Perspectivas: Revelando a População Cósmica de Buracos Negros “Invisíveis”
Este estudo transforma os buracos negros errantes de especulação teórica em realidade observacional direta. Com o advento de telescópios de próxima geração, esses “buracos negros perdidos” podem deixar de ser raros. Em um futuro próximo, telescópios ópticos extremamente grandes medirãocentros galácticos e estruturas com maior precisão. Enquanto isso, pesquisas de rádio profundas e de alta resolução, utilizando instalações como o array de núcleo do Radiotelescópio de Apertura Esférica de 500 metros (FAST) e o Array de Kilômetro Quadrado, detectarão até mesmo sinais de rádio mais tênues, potencialmente resolvendo micro-jatos em escala sub-parsec.
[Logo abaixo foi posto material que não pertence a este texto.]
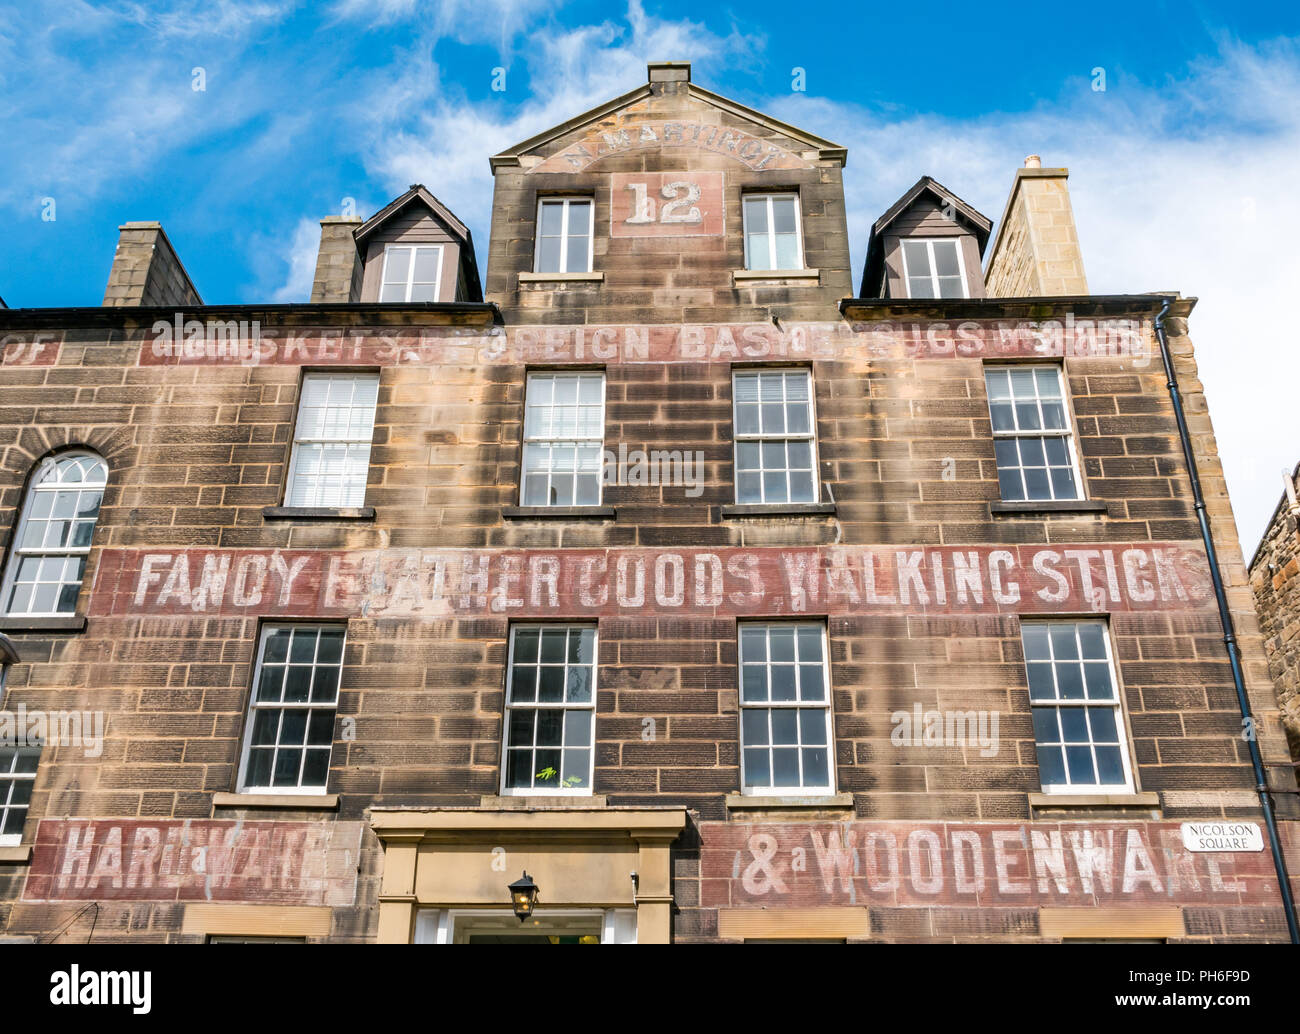 Universität von Edinburgh, Alison Haus, Reid Schule für Musik, Georgian Stadthaus mit alter Hardware Shop ghost Schriftzug Werbung fancy Waren Stockfoto
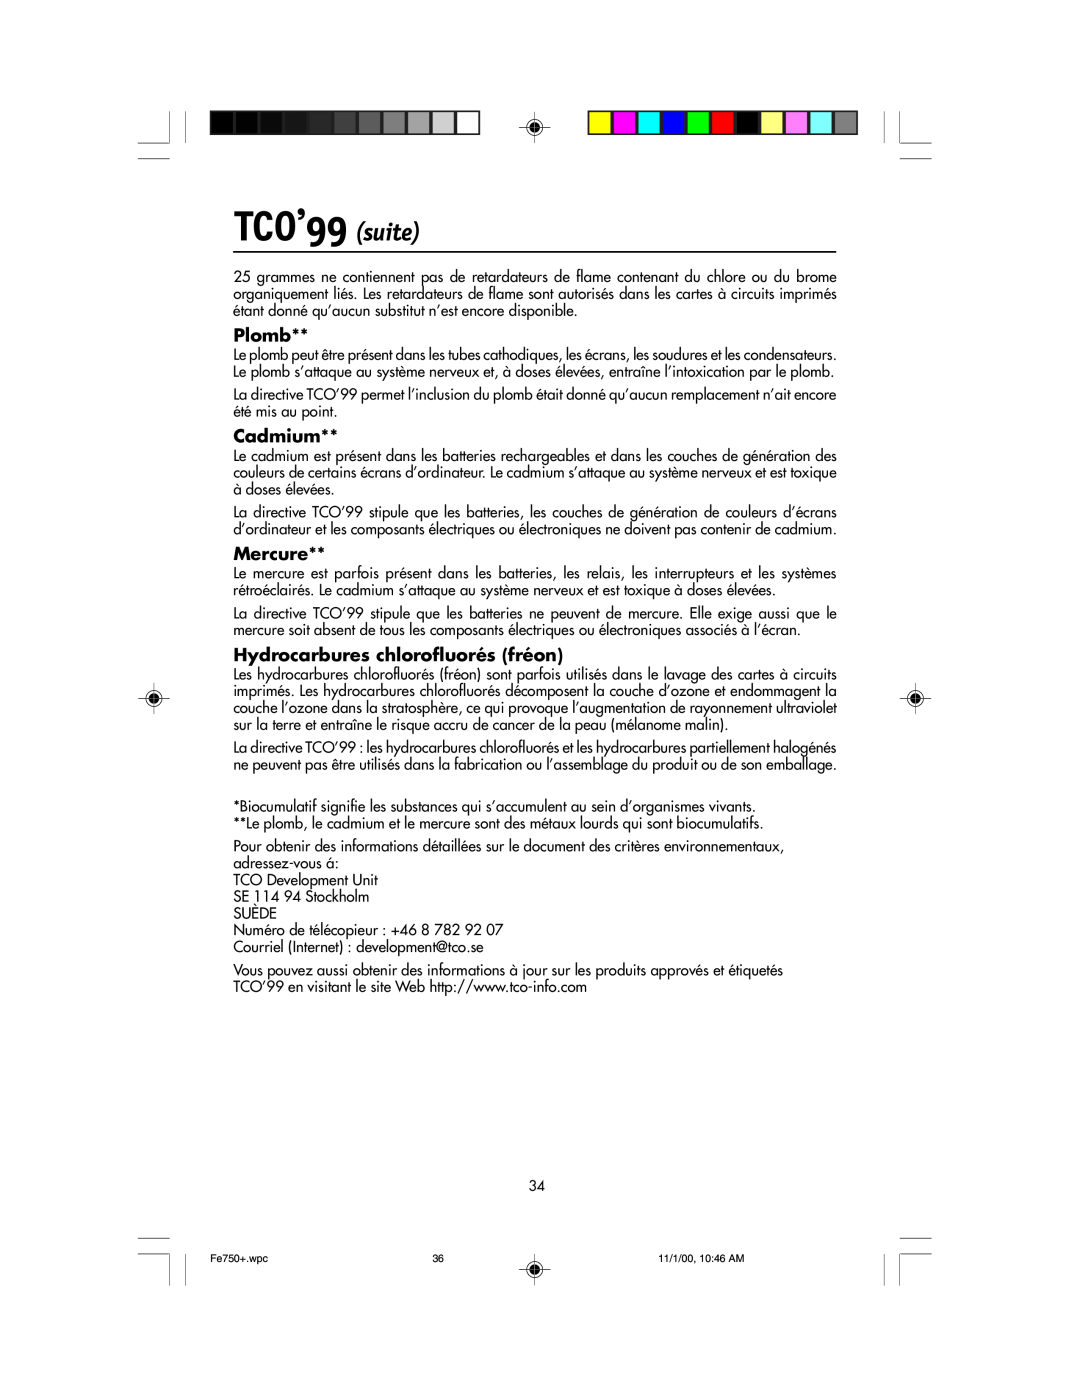 NEC FE750 Plus user manual TCO’99 suite, Plomb, Cadmium, Mercure, Hydrocarbures chlorofluorés fréon

Esses avanços levarão a descobertas na confirmação e no estudo estatístico de buracos negros off-nucleares.
Talvez, um dia, reconheceremos que os buracos negros errantes não são nada raros, mas sim viajantes silenciosos nas bordas das galáxias, moldando silenciosamente a evolução cósmica de seus anfitriões.
Este estudo foi apoiado pelo Programa Nacional SKA da China, bem como pela Fundação Nacional de Ciências Naturais da China, entre outros.